Highlighting Revisions, Glossing Changes
By highlighting their revisions and explaining (i.e.,glossing) the changes they have made to a draft of their work, students will not only become more proficient writers but will also become more conscious of the process of revision and thus more reflective writers. Further, teachers will find it easier to monitor and evaluate student revisions.
Practicing Elaboration in a Problem/Solution Essay

One theory suggests that students tend to list in an essay because they lack the tools to elaborate. Because they do not have the strategies, they attempt to fill up the empty space by introducing new primary ideas instead of fleshing out the ideas they have already presented. This activity attempts to make students aware of the need to elaborate and to provide students with some workable strategies for elaborating.
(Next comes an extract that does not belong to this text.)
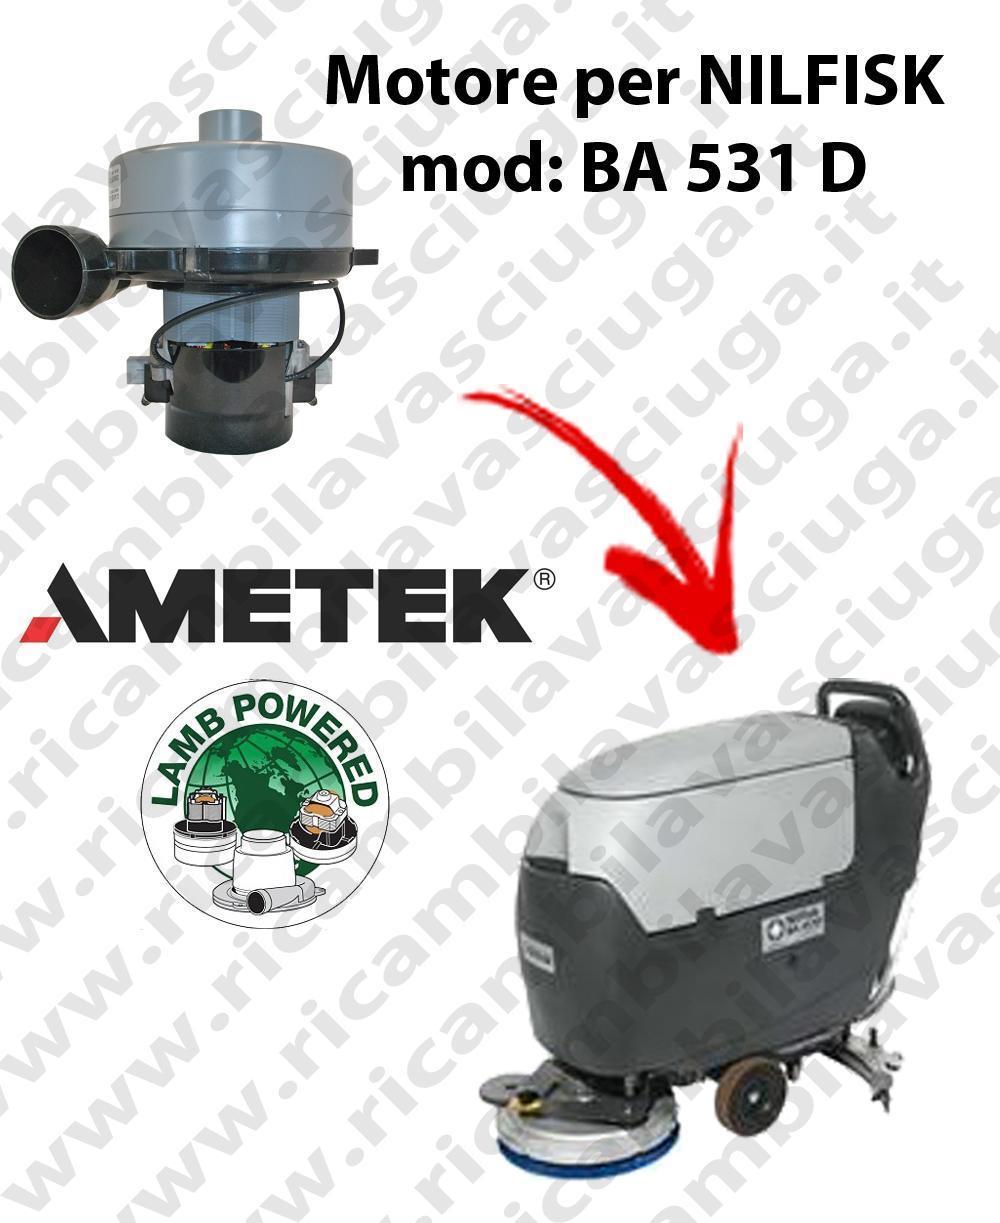 BA 531 D Vacuum motor LAMB AMETEK for scrubber dryer NILFISK

Using a PowerPoint presentation, the teacher demonstrates the necessity for elaboration in a problem/solution essay. Students then choose a particular point in the PowerPoint presentation to expand through elaboration.
Selecting Evidence to Support an Argument
This is a strategy lesson to teach students how to select evidence from a text to support an argument for an essay. It was designed to take two class periods and is comprised of three mini-lessons; these lessons include teacher modeling strategy to large group, student practice with strategy in small groups, and student practice with strategy individually on what will ultimately be the essay that they write.
Using Extended Similes to Elaborate and Add Style
Students will analyze a series of extended similes, develop criteria for strong and weak extended similes, and begin using extended similes as a tool for elaboration in their own writing.